From mboxrd@z Thu Jan  1 00:00:00 1970
From: "Robison, Jon (CMG-Atlanta)" <narfman0@gmail.com>
Subject: Re: mdadm raid5 single drive fail, single drive out of sync terror
Date: Fri, 28 Nov 2014 12:00:56 -0500
Message-ID: <5478AA48.2050601@gmail.com>
References: <5475ECDC.6070309@gmail.com> <20141126154922.GA12222@cthulhu.home.robinhill.me.uk>
Mime-Version: 1.0
Content-Type: text/plain; charset=windows-1252; format=flowed
Content-Transfer-Encoding: 7bit
Return-path: <linux-raid-owner@vger.kernel.org>
In-Reply-To: <20141126154922.GA12222@cthulhu.home.robinhill.me.uk>
Sender: linux-raid-owner@vger.kernel.org
To: linux-raid@vger.kernel.org
List-Id: linux-raid.ids

Thanks Robin and Phil, mdadm 3.3.2 did allow successful forced 
reassemble (had to run the command twice for whatever reason, first 
execution said 4 aren't enough drives). I am updating my backup but 
already retrieved the things of high value.

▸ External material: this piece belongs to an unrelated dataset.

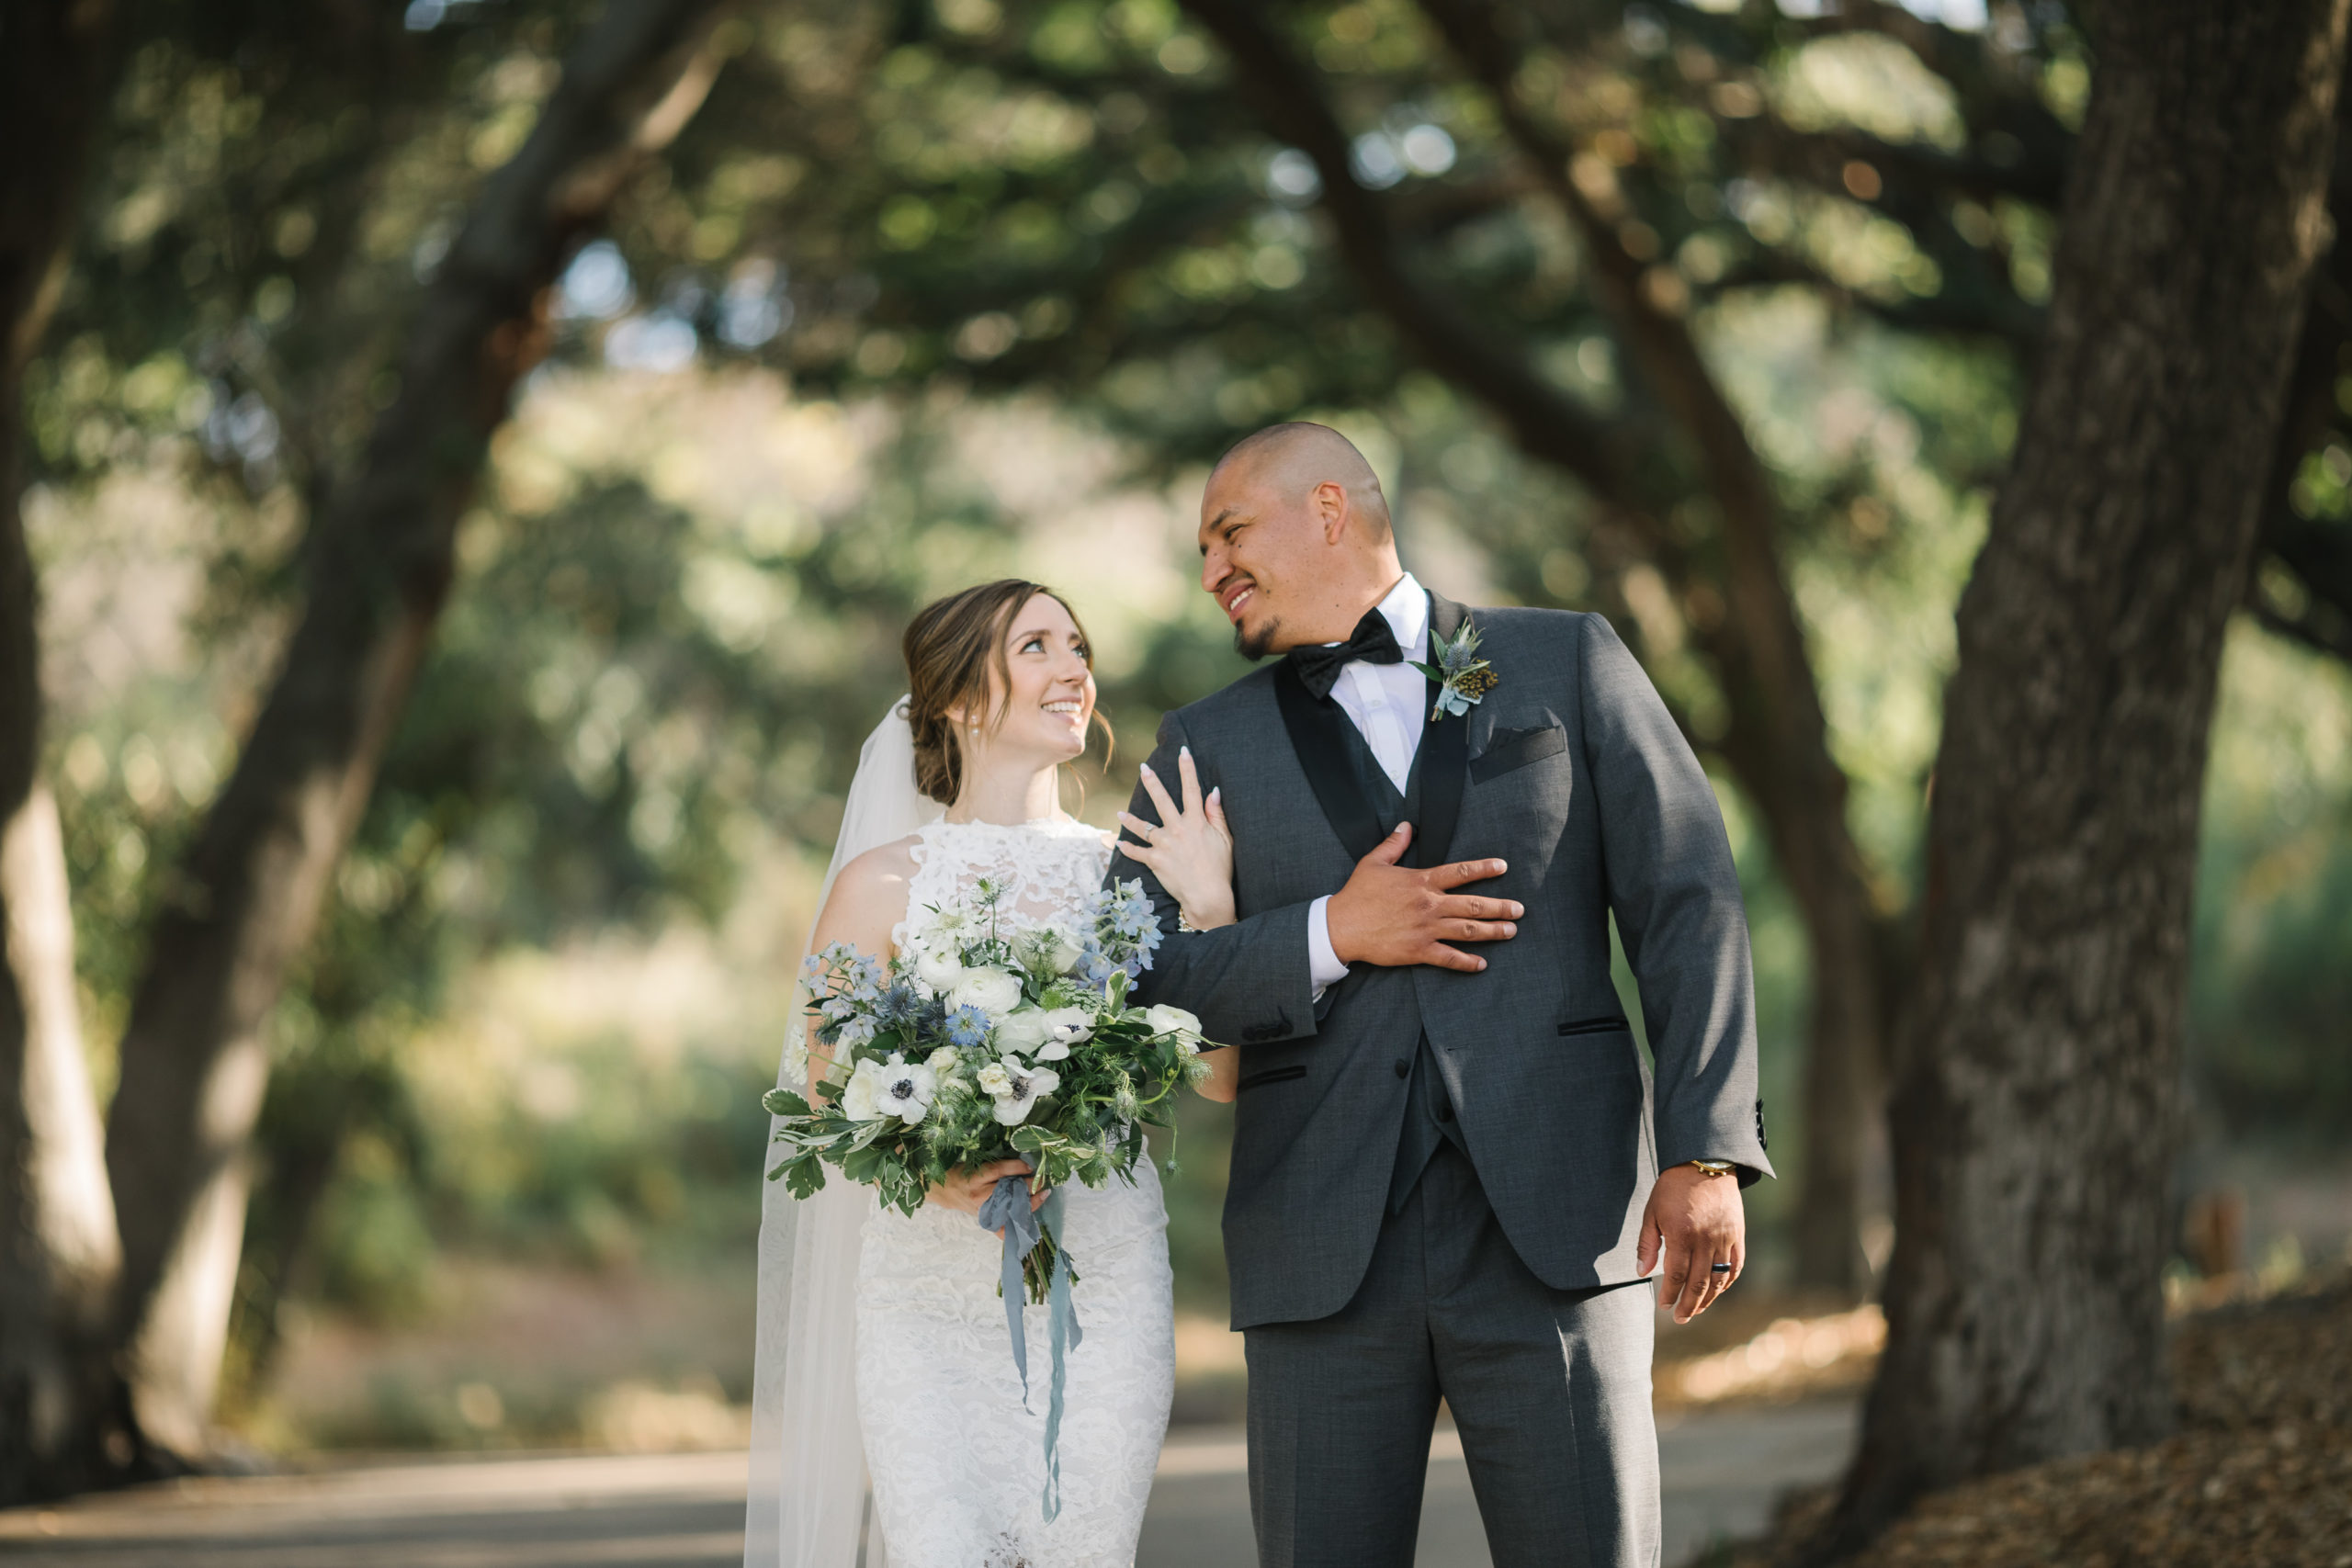 bride in high neckline lace wedding dress and white and blue bridal bouquet holds the arm of groom in dark grey suit and black bowtie

I consider this mission 
accomplished already.

Next steps I will take: backup -> fsck -> backup -> add missing disk -> 
add more automation to main and backup -> profit


On 11/26/14 10:49 AM, Robin Hill wrote:
> On Wed Nov 26, 2014 at 10:08:12AM -0500, Jon Robison wrote:
>
>> Hi all!
>>
>> I upgraded to mdadm-3.3-7.fc20.x86_64, and my raid5 array would no
>> longer recognize /dev/sdb1 in my raid 5 array (which is normally
>> /dev/sd[b-f]1). I `mdadm --detail --scan`,  which resulted in a degraded
>> array, then added /dev/sdb1, and it started rebuilding happily until 25%
>> or so, when another failure seemed to occur.
>>
>> I am convinced the data is fine on /dev/sd[c-f]1, and that somehow I
>> just need to inform mdadm about that, but they got out of sync and
>> /dev/sde1 thinks the array is AAAAA while the others think its AAA.. .
>> The drives also seem to think e is bad because f said e was bad or some
>> weird stuff, and sde1 is behind by ~50 events or so. That error hasn't
>> shown itself recently. I fear sdb is bad and sde is going to go soon.
>>
>> Results of `mdadm --examine /dev/sd[b-f]1` are here
>> http://dpaste.com/2Z7CPVY
>>
>> I'm scared and alone. Everything is off and sitting as above, though e
>> 50 events behind and out of synch. New drives coming Friday and backup
>> is of course a bit old. I'm petrified to execute `mdadm --create
>> --assume-clean --level=5 --raid-devices=5 /dev/md0 /dev/sdf1 /dev/sdd1
>> /dev/sdc1 /dev/sde1 missing`, but that seems my next option unless ya'll
>> know better. I tried `mdadm --assemble -f /dev/md0 /dev/sdf1 /dev/sdd1
>> /dev/sdc1 /dev/sde1` and it said something like can't start with only 3
>> devices (which I wouldn't expect because examine still shows 4, just
>> that they are out of sync and I thought that was -f's express purpose in
>> assemble mode). Anyone have any suggestions? Thanks!
> It looks like this is a bug in 3.3 (the checkin logs show something
> similar anyway). I'd advise getting 3.3.1 or 3.3.2 and retrying the
> forced assembly.
>
> If it failed during the rebuild, that would suggest there's an
> unreadable block on sde though, which means you'll hit the same issue
> again when you try to rebuild sdb. You'll need to:
>      - image sde to a new disk (via ddrescue)
>      - assemble the array
>      - add another new disk in to rebuild
>      - once the rebuild has completed, force a fsck on the array
>        (fsck -f /dev/md0) as the unreadable block may have caused some
>        filesystem corruption. It may also cause some file corruption, but
>        that's not something that can be easily checked.
>
> These read errors can be picked up and fixed by running regular array
> checks (echo check > /sys/block/md0/md/sync_action). Most distributions
> have these set up in cron, so make sure that's in there and enabled.
>
> The failed disks may actually be okay (sde particularly), so I'd advise
> checking SMART stats and running full badblocks write tests on them. If
> the badblocks tests run okay and there's no increase in reallocated
> sectors reported in SMART, they should be perfectly okay for re-use.
>
> Cheers,
>      Robin